— REQUIREMENT —
Leave every picture out, then reproduce the rest of the listing exactly.

— INFORMATION SUPPLIED —
——————
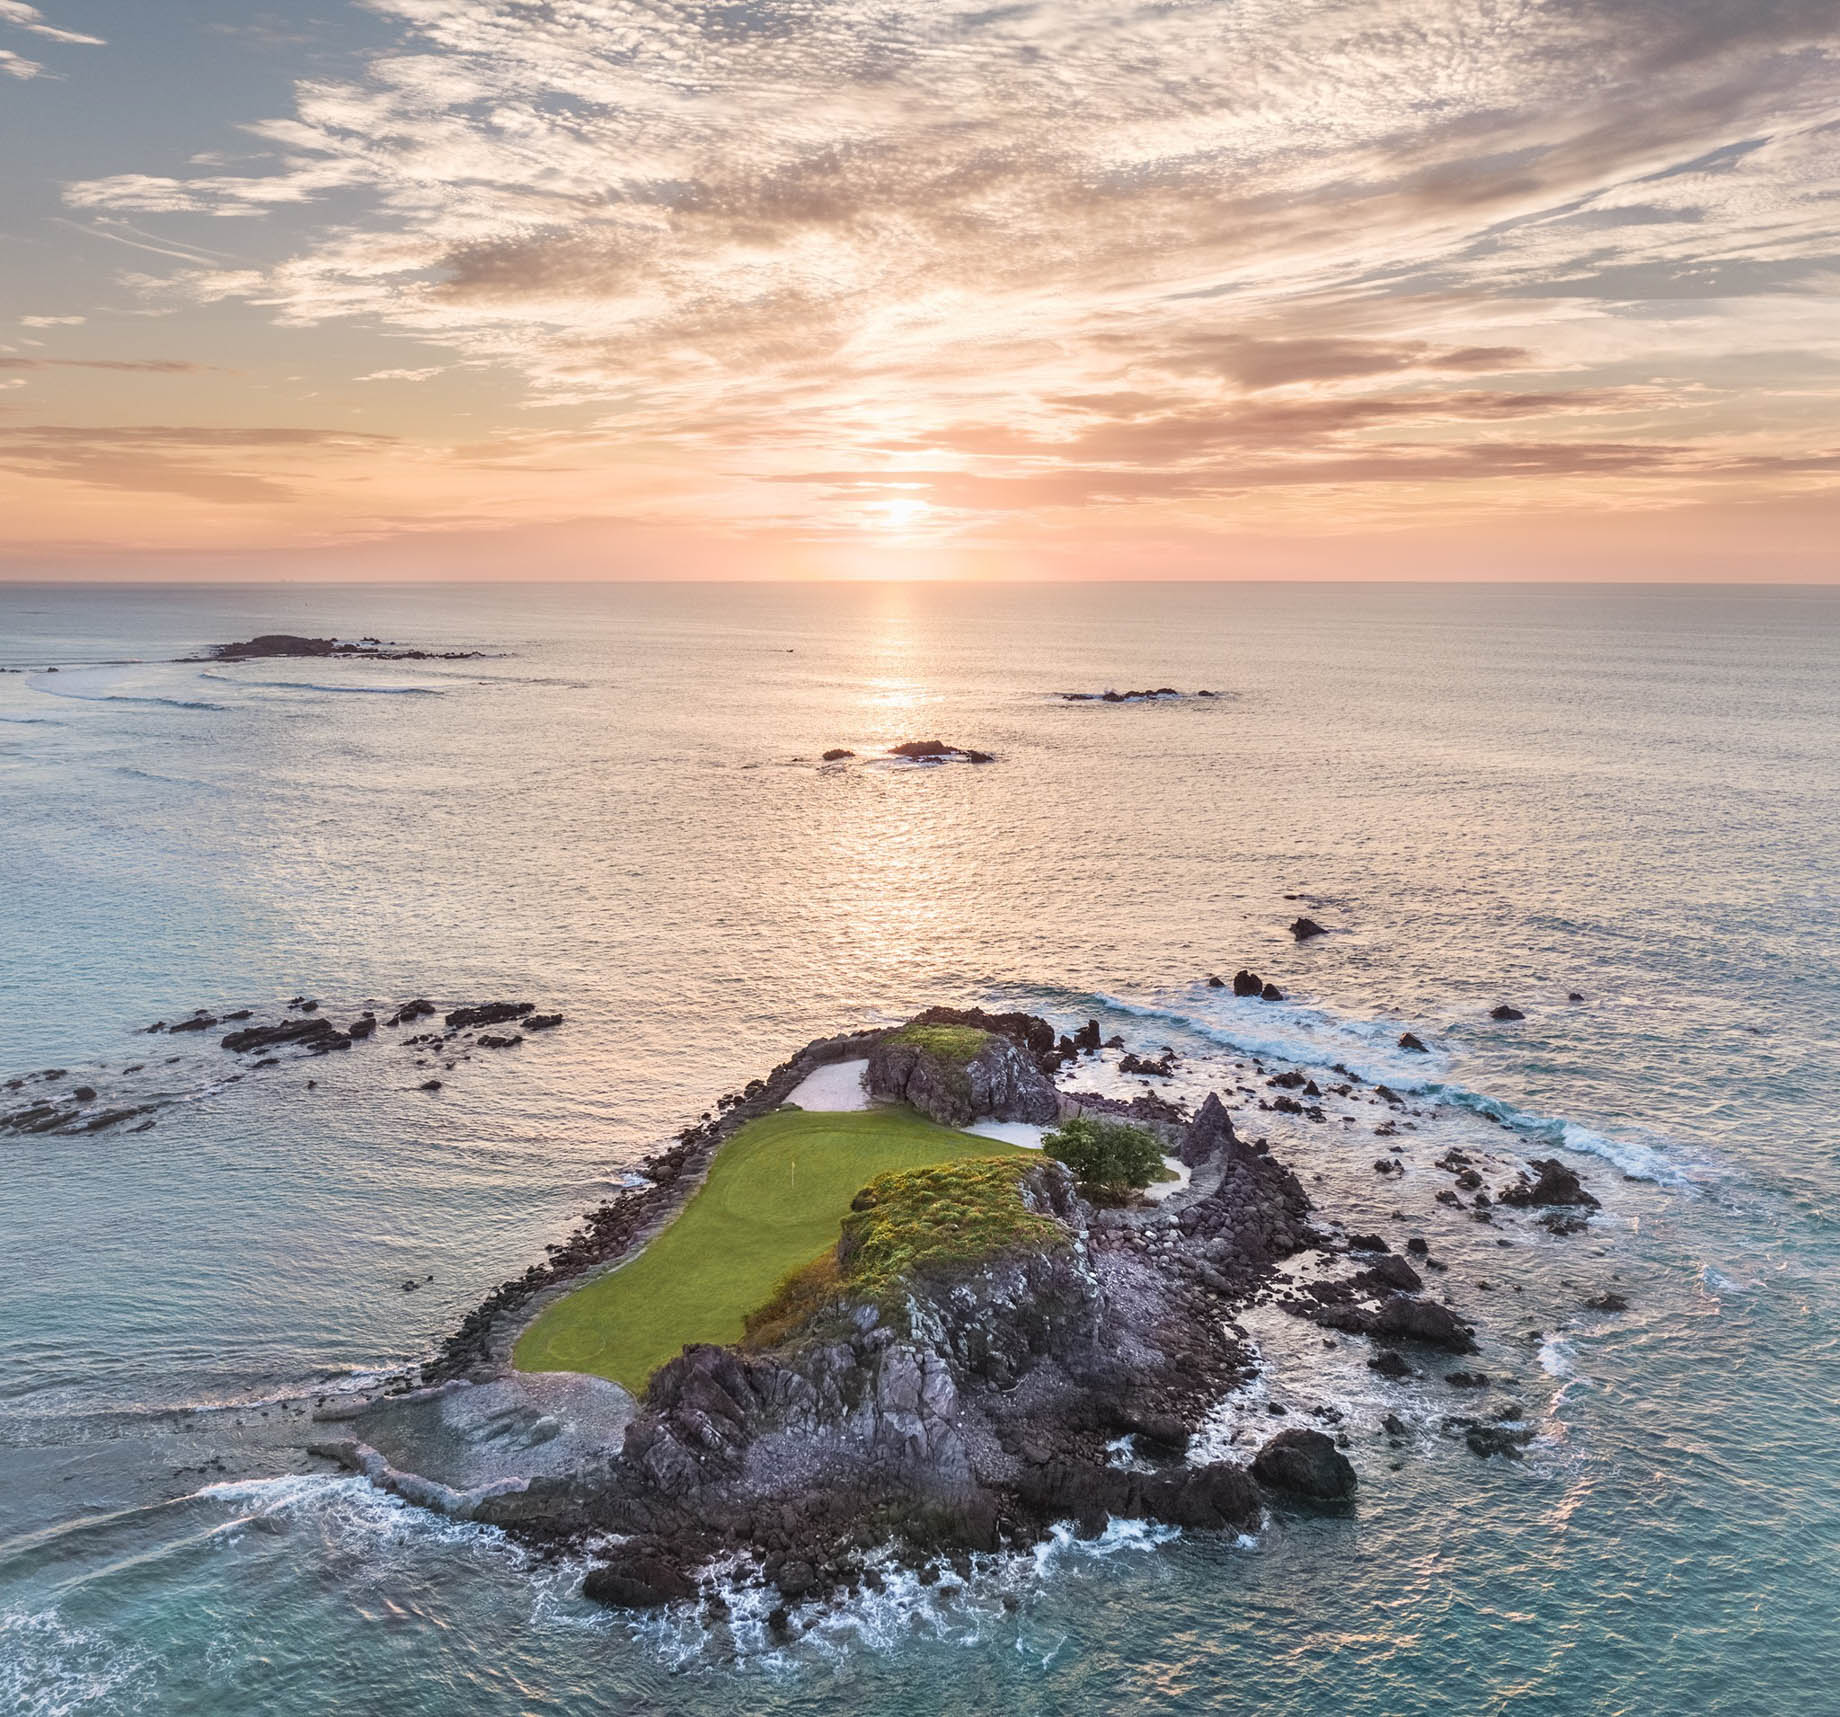 The St. Regis Punta Mita Resort – Nayarit, Mexico – Resort Golf Course Aerial View Tail of the Whale Hole
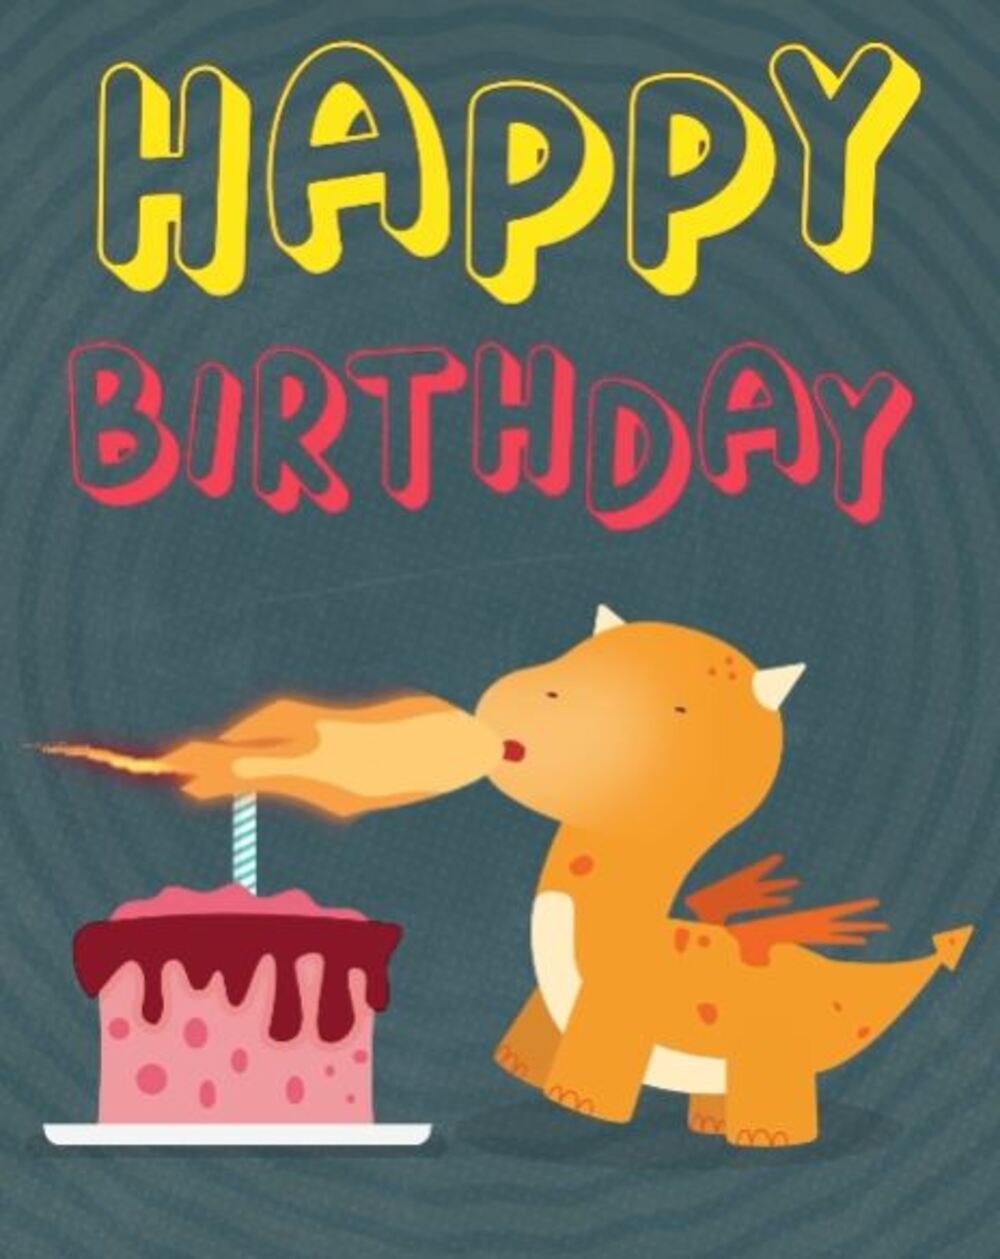 10 20+ Cute and Funny Happy Birthday Free Animated GIFs
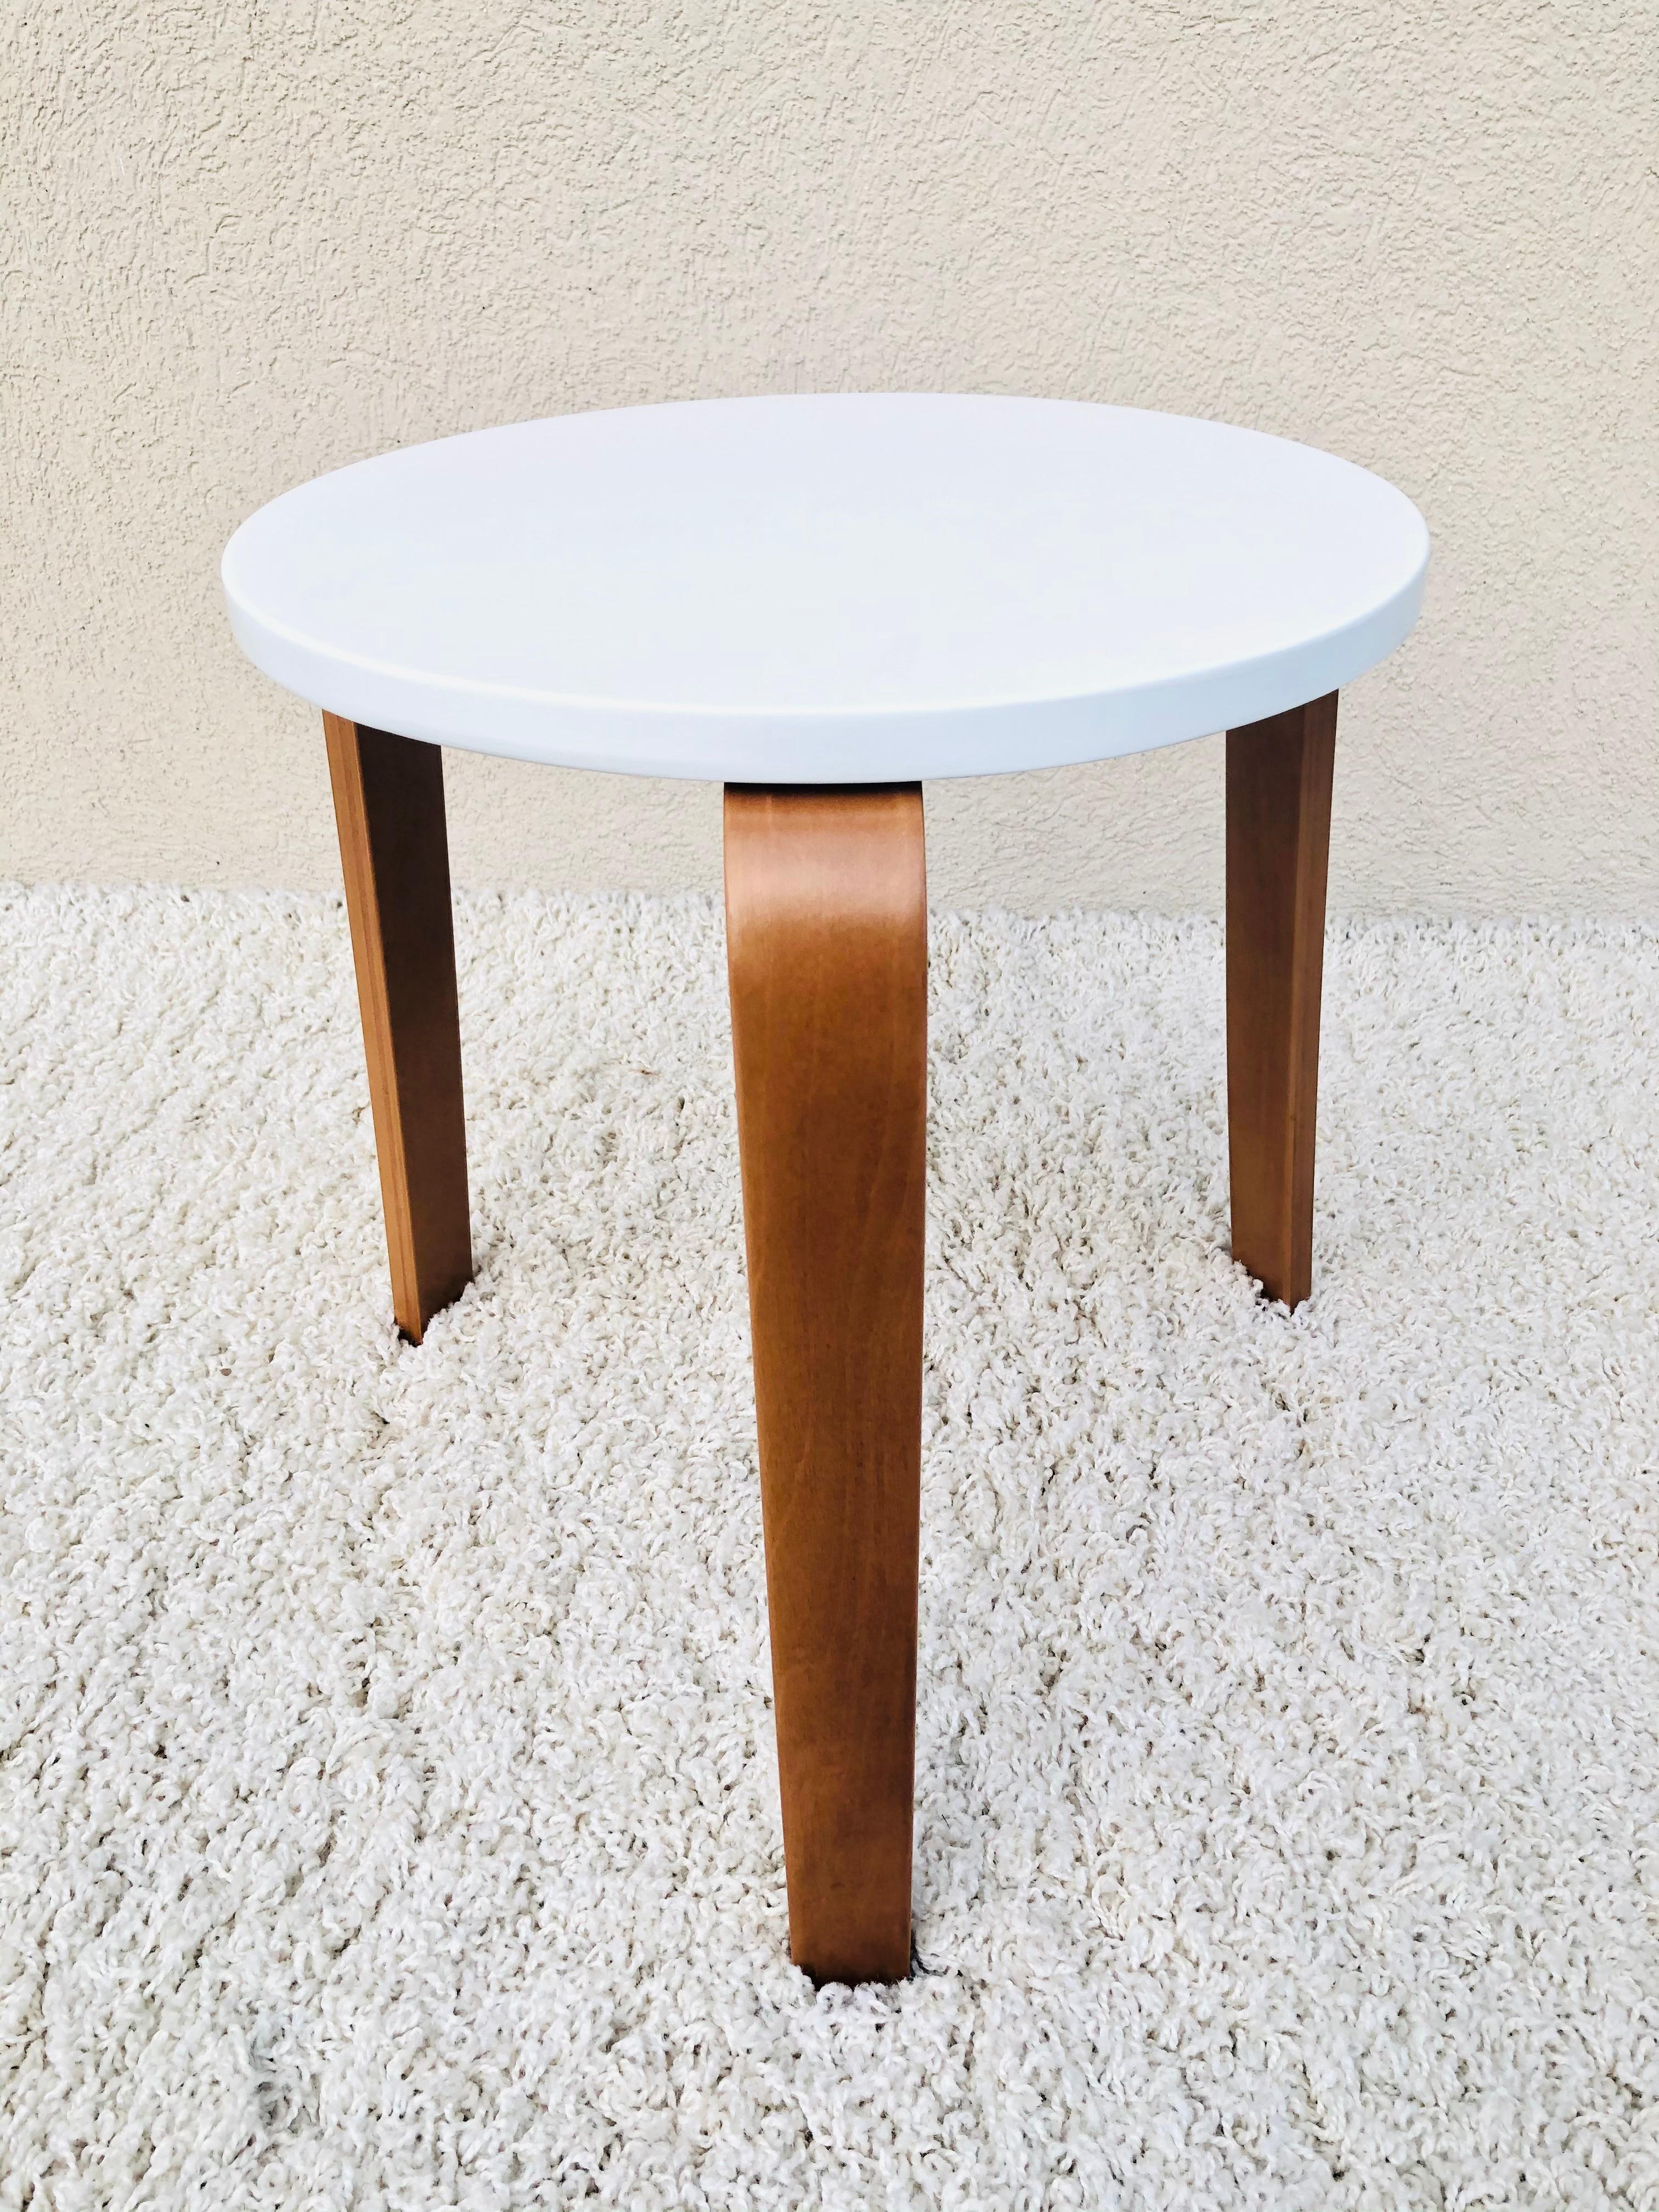 Alvar Alto style European lacquered top bentwood leg birch maple color midcentury Small
Side table / stool.
——————
— RESULT BELOW —
 The St. Regis Punta Mita Resort – Nayarit, Mexico – Resort Golf Course Aerial View Tail of the Whale Hole
 10 20+ Cute and Funny Happy Birthday Free Animated GIFs
 Alvar Alto style European lacquered top bentwood leg birch maple color midcentury Small
Side table / stool.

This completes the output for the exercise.